UPDATE : UserJS - Anti-quotes-hell and <code> (see more in this comment ):

 // ==UserScript== // @version    1.0.0 // @namespace  https://habr.com/users/ZiroKyl/ // @homepageURL https://habr.com/post/414799/ // @name       Anti-quotes-hell for Habr // @include    https://habr.com/post/* // @include    https://habr.com/company/*/blog/* // ==/UserScript== // Enable opera:config#UserPrefs|UserJavaScriptonHTTPS if(self == top){   window.opera.addEventListener("BeforeEvent.DOMContentLoaded", function(){ "use strict";       var code = document.querySelectorAll(".post__text :not(pre) > code");       var unQuote = function(el){           var aN = null, a = "",              bN = null, b = "";           if((aN = el.previousSibling) && (bN = el.nextSibling) &&              aN.nodeType == 3        && bN.nodeType == 3    ){               a = aN.data; a = a.charCodeAt(a.length-1);               b = bN.data; b = b.charCodeAt(0);               // a != " " && ( a+1 == b && (a == "“" || a == "'" ) || (a == "«" && b == "»") || a == b && (a == "'" || a == "`" || a == '"') )               if(a != 32 && ( a+1 == b && (a == 8220 || a == 8216) || (a == 171 && b == 187) || a == b && (a == 39 || a == 96 || a == 34 ) )){                   aN.data = aN.data.slice(0,-1);                   bN.data = bN.data.slice(1);                   return true;               }           }           return false;       };       var aN = null, bN = null, pElTagName = "";       for(var i=code.length;i--;){           // “<code>...</code>” -> <code>...</code>           if(!unQuote(code[i])                                                                 &&               ( code[i].previousElementSibling == null && code[i].nextElementSibling == null &&                (pElTagName = code[i].parentElement.tagName)                                &&                (pElTagName == "A" || pElTagName == "STRONG")                                ) &&               ( (!(aN = code[i].previousSibling) || aN.data.trim().length == 0) &&                (!(bN = code[i].nextSibling)    || bN.data.trim().length == 0) )             ){               // “<a><code>...</code></a>”    -> <a><code>...</code></a>               // “<a> <code>...</code> </a>”  -> <a> <code>...</code> </a>               // “<a><code>...</code>...</a>” -X               unQuote(code[i].parentElement);           }       }   }, false); }

The main styles are taken from previous versions of ~~the~~ Habr ~~Matrix~~ :

2012-06 (UserCSS) - the main font Verdana 13px, line spacing 160%
2012-06 - the first appearance of the spoiler + block code
2012-04 - table + headers
2012-05 - more headlines
2012-05 is just a good article.
2011-05 - 1.54em line spacing (in a narrow column, with empty space left and right, the text reads worse than at 160% interval), blocks with code changed the background color and lost the stroke, (what else: the “cap” of the hubs changed [one article can be in many hubs] become blogs [one article can be only in one blog])
2011-01 - the content is stretched to the full width of the screen (in this format, the text with a reduced line spacing looks optimal, IMHO), IMHO: the wide right column (with a screen width of 1600px) creates a feeling of comfort, as well as better here than in other versions the comment looks (good indentation sizes are selected)
2010-08 , 2009-12 , 2009-05 , 2009-03 - changes on the example of the same article
2010-02 , 2009-06 - articles with denser text (longer paragraphs)
2010-03 , 2010-02 , 2009-06 , 2008-12 - positive memories about Opera
2007-12 - Habrazaphistka ：） and tag cloud in the right column
2007-04 - the line spacing is even smaller

About LLTR I'm going to write a series of articles with a general topic “how to create a protocol”. This article is null.

# Analogy from the physical world - pneumatic

Imagine that we have 2 pneumatic pipes ...

Photo of a room with a pneumatic tubing terminal and empty containers

One pipe for incoming parcels (red containers), and one for outgoing (blue containers).

We have several friends who are connected to the same pneumatic transport system.
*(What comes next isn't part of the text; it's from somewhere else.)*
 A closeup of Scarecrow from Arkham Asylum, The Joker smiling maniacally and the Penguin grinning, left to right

We can send them containers, and they can send us containers. The shipping address of the container is put on the container itself (for example, in RFID or bar ‑ code).
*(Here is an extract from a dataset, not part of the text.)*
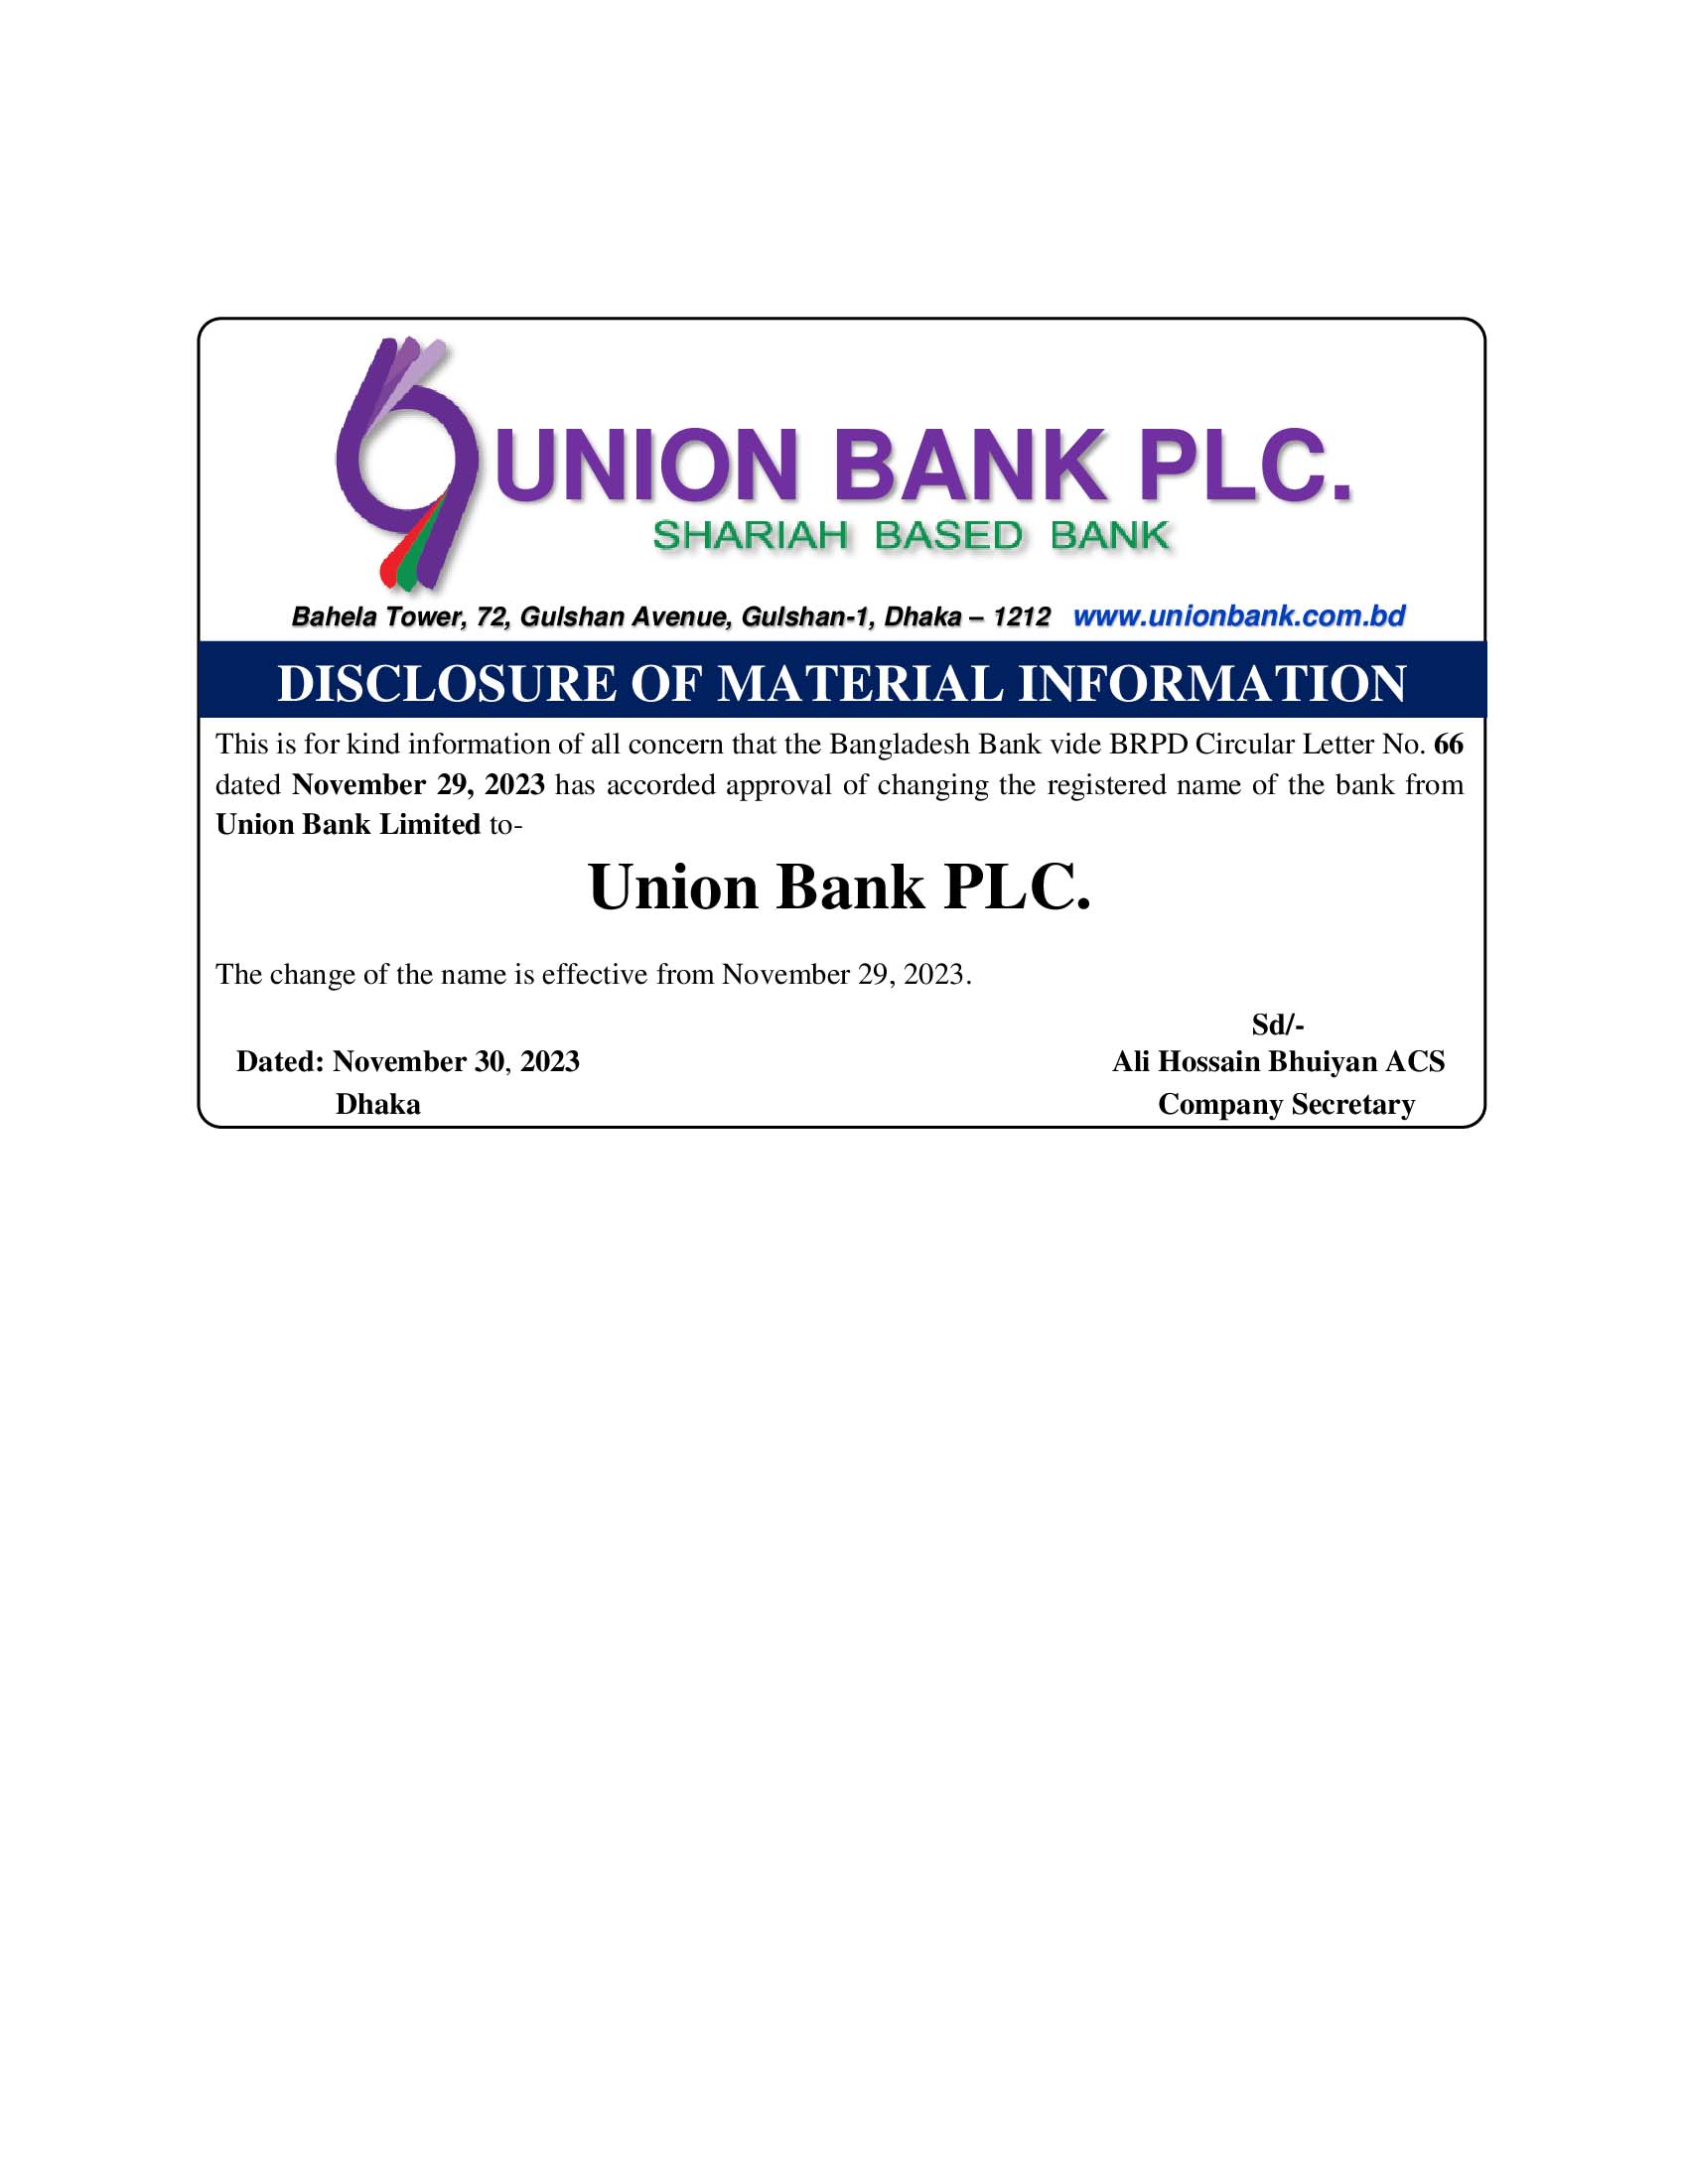 DISCLOSURE OF MATERIAL INFORMATION  UNION BANK PLC

At some point, everyone wanted to know the route that their packages go through every day and to find out which switches (switching centers) their pneumatic tubes are connected to, learn the topology of the pneumatic network.

The path from the terminal to the communication center

All that we and our friends can do is send and receive containers with some content.
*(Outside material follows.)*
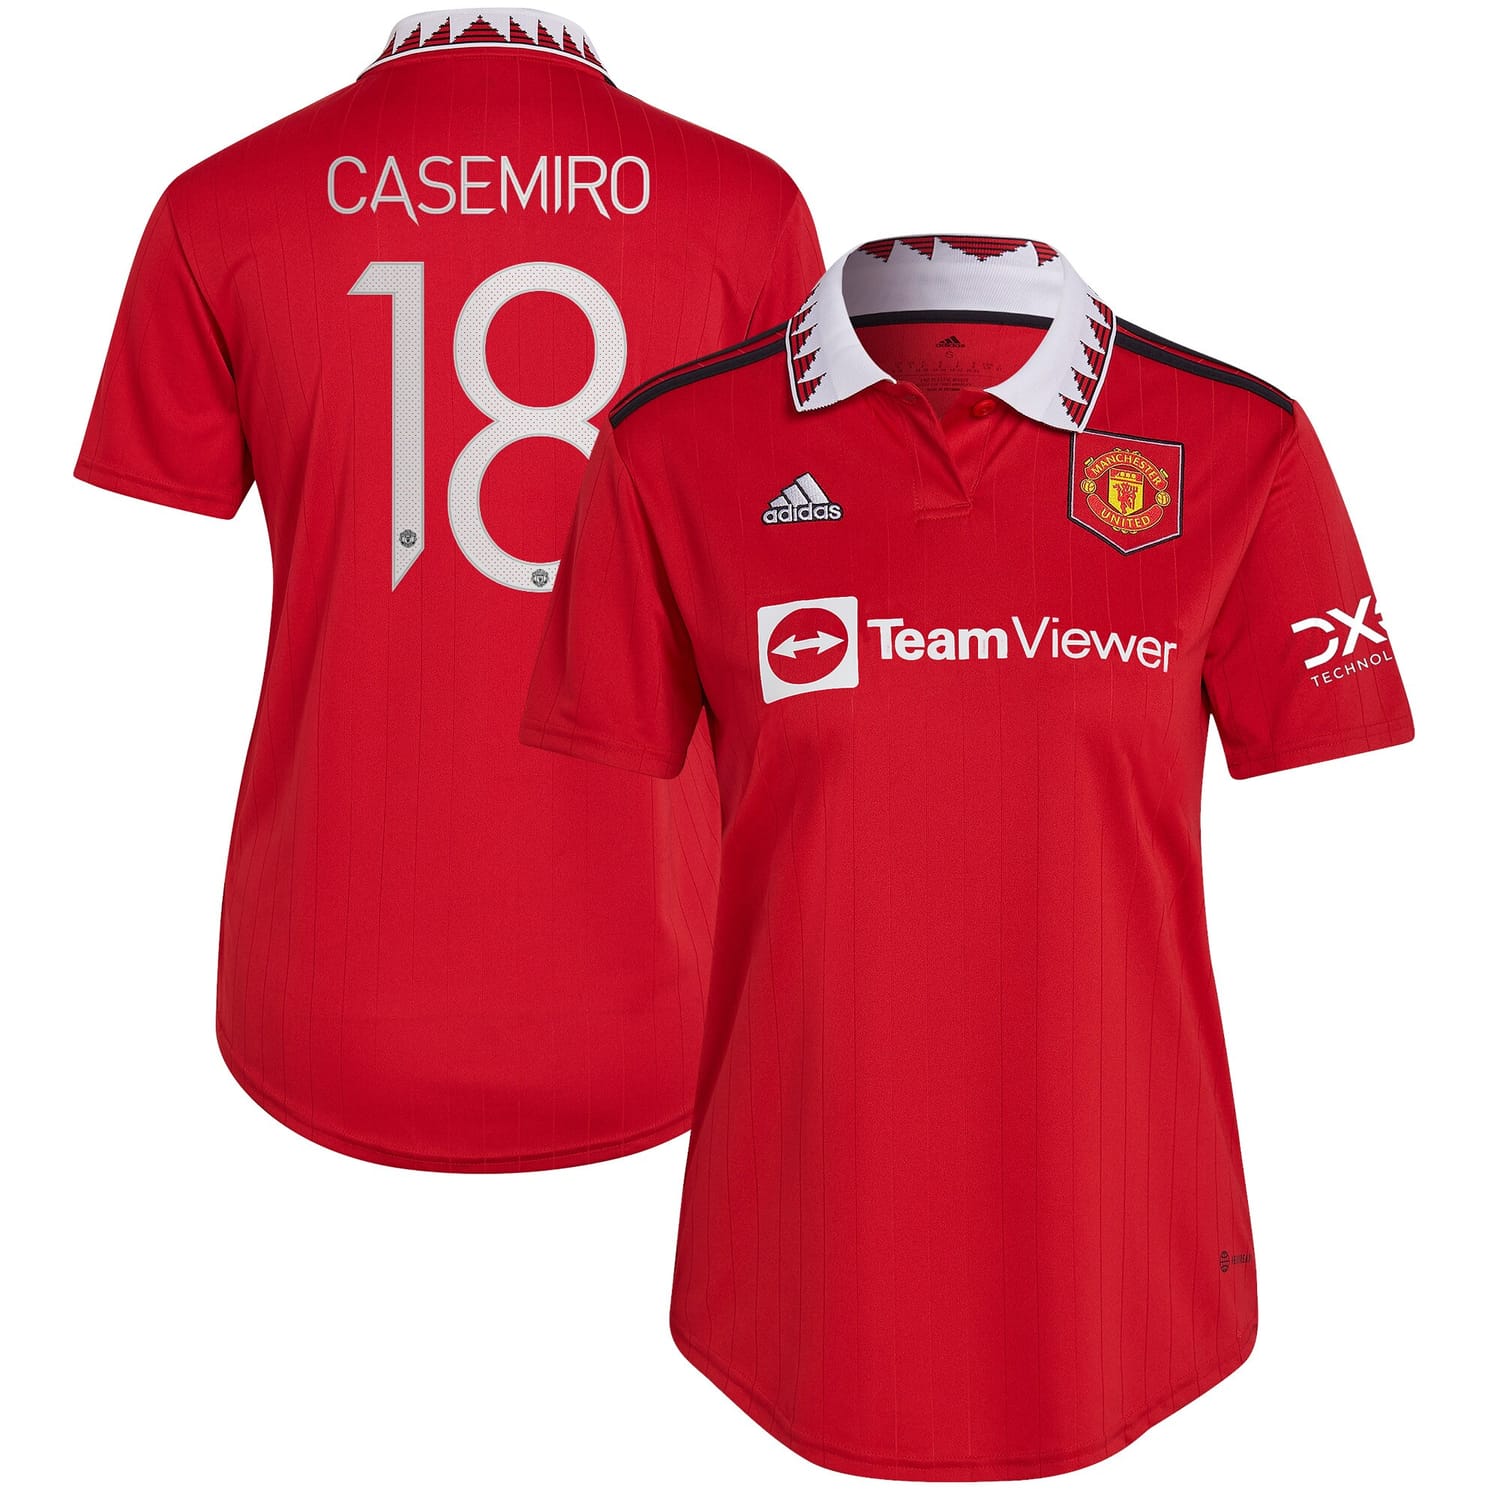 Premier League Manchester United Home Cup Jersey Shirt 2022-23 player Casemiro 18 printing for Women

I propose to think about how in this case it is possible to build a topology of this network. Several options are under the spoiler:

spoiler

1. If the pipes are transparent, as in pneumatic conveying in Futuram ( KDPV ), then you can simply send a video camera that captures the entire path of movement of the container.

2. You can place the sensors in the container (gyroscope, compass, accelerometer, ...), and build a map of movements using the data collected by them.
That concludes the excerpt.